One of her main roles has been cheerleader for the staff, the students and their parents, making certain everyone feels good about the learning that is happening in a variety of ways. The teachers, especially, are stressed about how the children are doing academically, as well as in terms of social-emotional health.
“This is what I know about children — kids are extremely, extremely resilient,” according to Barrett. “If you genuinely care about them and you’re genuinely doing your very best for them, they feel that.”
“I do believe that kids will look back on this time and truly know that we did the very best we could, that we’ve kept their learning moving ahead.”
As “odd and weird” as this year will be for the students, they will never forget it and will talk about it forever, she said.

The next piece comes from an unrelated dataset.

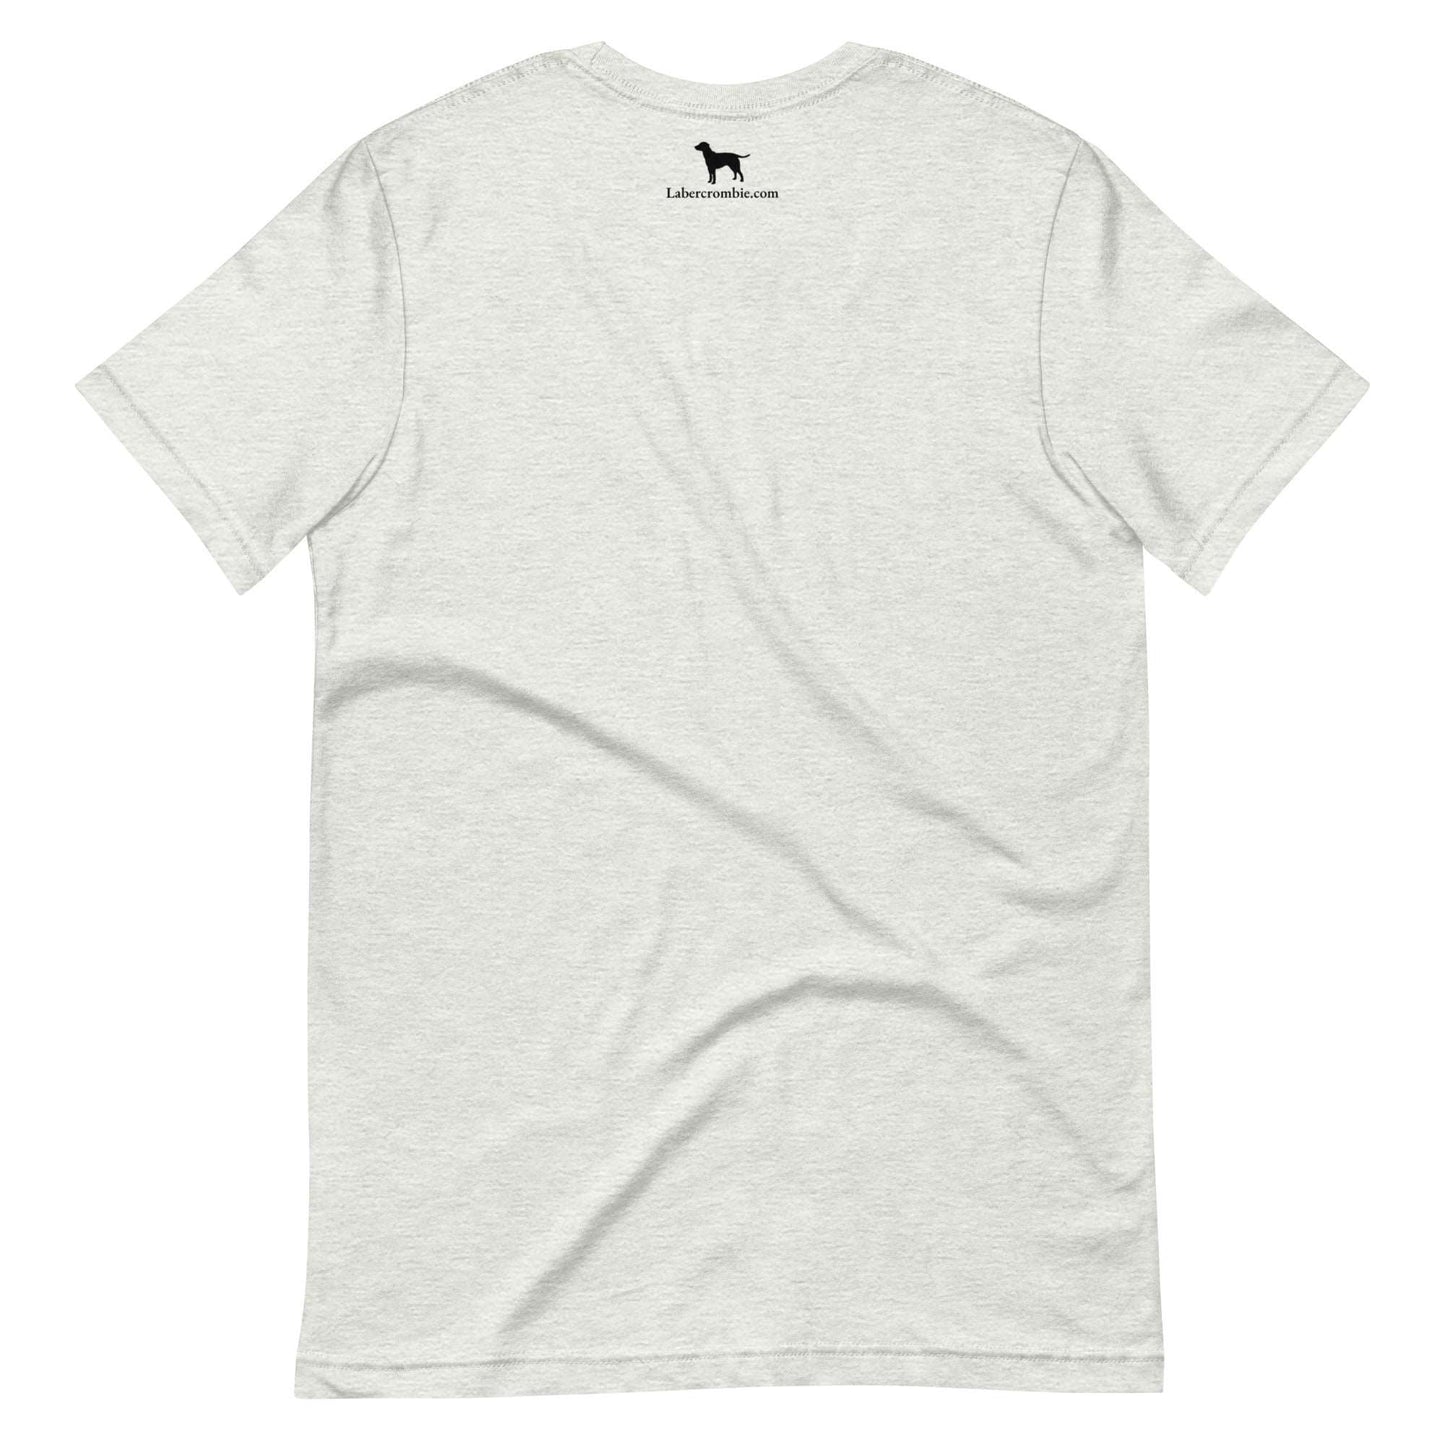 Barker King Unisex t-shirt

“I do believe that kids will look back on this time and truly know that we did the very best we could, that we’ve kept their learning moving ahead. I really do believe that with all my heart and I’ve seen that,” Barrett added. “Kids can survive a lot more than we think they can. If we do all those things that we’re supposed to do, it will be OK.”
RELIANCE ON FAITH
Barrett has been married to her husband John for 35 years and their three sons can claim Seton Catholic School and Alleman High School as their alma mater, too. She also has 15 nieces and nephews who went through Seton Catholic on her watch.
Working with the parish and community at large, Barrett has been able to bring a pre-kindergarten program for 4-year-olds to the school, as well as a pre-school for 3-year-olds and an extended care program. Seton Catholic has also added computer labs and continues to update technology to provide the best opportunities for the students.
Perhaps one of the most stunning additions came with the leadership of Father Lee — a $3.5 million middle school building that brought the school community together on one campus. Previously those students had been at St. Mary in Moline.
“I don’t know where people would be without faith. Thank God I’m in a Catholic school.”
Through it all she continues to follow the advice of Sister Paula, who told her to have the confidence in herself to do the things she believed in and realize that not all of her decisions were going to be popular.
“But do what’s best for the kids,” she told Barrett, “and stand your ground.”
Barrett has been able to do that with a firm reliance on God.
“I don’t know where people would be without faith,” she said. “Thank God I’m in a Catholic school.”